Man danke nur an Binet und den Mißbrauch seines Test als Intelligenztest - wo Binet ausdrücklich davon sprach, daß damit eben nicht die Intelligenz gemessen wird und Regeln aufstellte, die mit dem Intelligenztest nach Yerkes völlig beiseite gewischt wurden. Sowie die dann erfolgte soziale Kategorisierung von Menschen nach dem "gemessenen" IQ.

Hier sehe ich ein weites Feld von Mißbrauchspotential und jedem der sich damit näher auseinandersetzt sei die intensive Lektüre von Goulds Buch ans Herzen gelegt ...

Liebe Grüße

Adi

monoma - 22. Aug, 11:26

hi adi,

"...steht für mich seltsam luftleer im Raum."

hm. finde ich nicht so deutlich. etwas anderes ist die frage, ob die aussage in der form überhaupt so haltbar ist, und nicht zu verkürzt. dazu werd ich noch mal recherchieren.

"Das führt, ob gewollt oder nicht zur Vorverurteilung und Einordnung von Menschen in das gesellschaftliche Wertesystem - sprich ab wann ist das Leben für die Gesellschaft nichts mehr wert und wieviel Rechte werden jedem gemäß seiner wissenschaftlich gemessenen Kategorie zugestanden."

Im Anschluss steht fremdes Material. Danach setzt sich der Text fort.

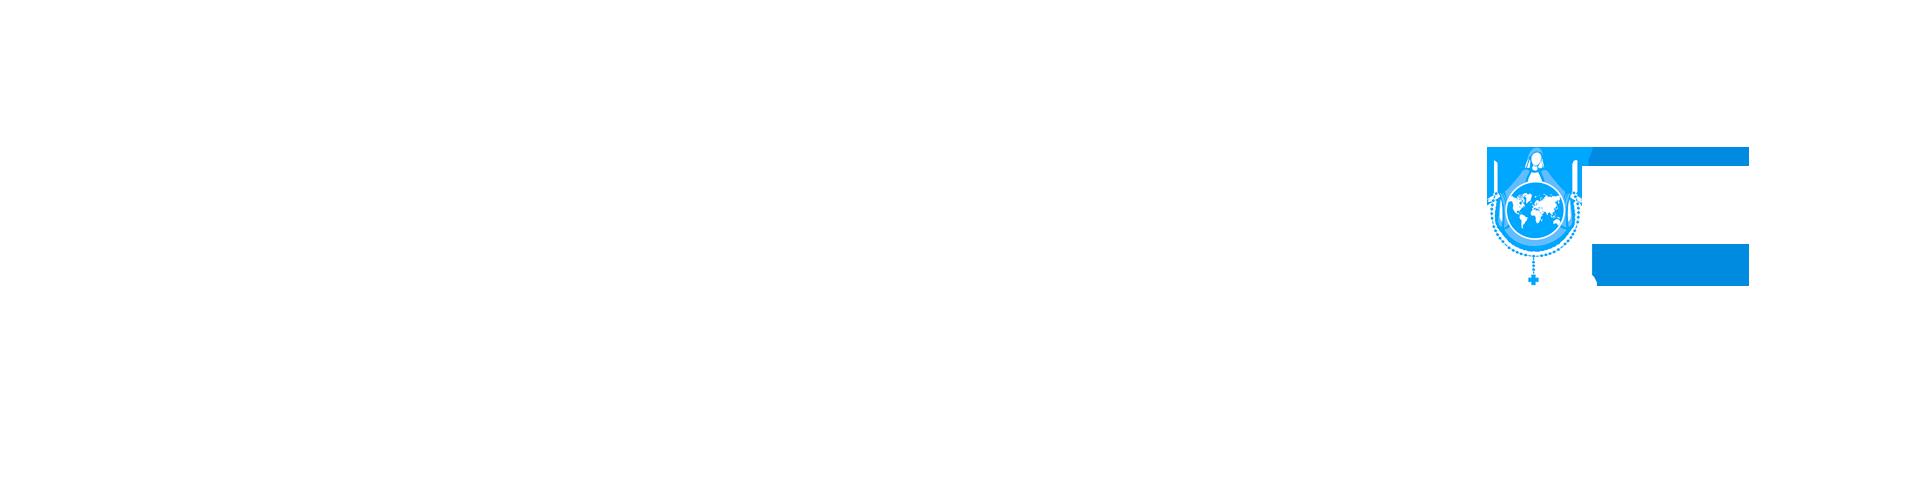 logos-pt-novena.png

ja. genau deshalb habe ich aber auch hinsichtlich seiner entsprechenden bemerkungen deutliche einschränkungen gemacht, sowohl was früherkennung und prophylaxe angeht, als auch eventuell nötige eingriffe in familien.

das problem, wenn real antisoziale (und das sind meistens die in "amt & würden") anfangen, mittels verkürzter definitionen und modelle nach der von ihnen so bezeichneten antisozialität zu fahnden, wird uns zukünftig noch schwer beschäftigen, fürchte ich. aber da führt kein weg drumherum. ich möchte einfach nochmal drauf hinweisen, dass sowohl frankreich als auch england entsprechende weitreichende pläne zum scanning nach antisozialen tendenzen bei kindern entweder schon sehr weit vorangetrieben haben oder aber imo schon umsetzen - siehe auch hier.

grüße
mo
Adi (Gast) - 22. Aug, 15:19

Seltsam luftleere Tendenzen

Hi mo,

das seltsam bezog sich auf die Ähnlichkeit der Argumentation zu der eines Lombroso ("Es ist bewiesen, daß die Schädelkapazität bei den Verbrechern überhaupt geringer ist, besonders bei den Dieben, weniger bei den Mördern ...") oder eines Lewis Terman ("Solche Tests haben absolut zweifelsfrei nachgewiesen, daß das wichtigste Merkmal von mindestens 25 % unserer Verbrecher Geistesschwäche ist") oder eines Yerkes ("Die Ergebnisse der Armeeüberprüfungen von Prostituierten bestätigen die bei zivilen Überprüfungen Prostituierter bereits getroffene Feststellung, daß zwischen 30 und 60% der Prostituierten geistesschwach und zum größten Teil hochgradig debil sind ...") oder oder oder ...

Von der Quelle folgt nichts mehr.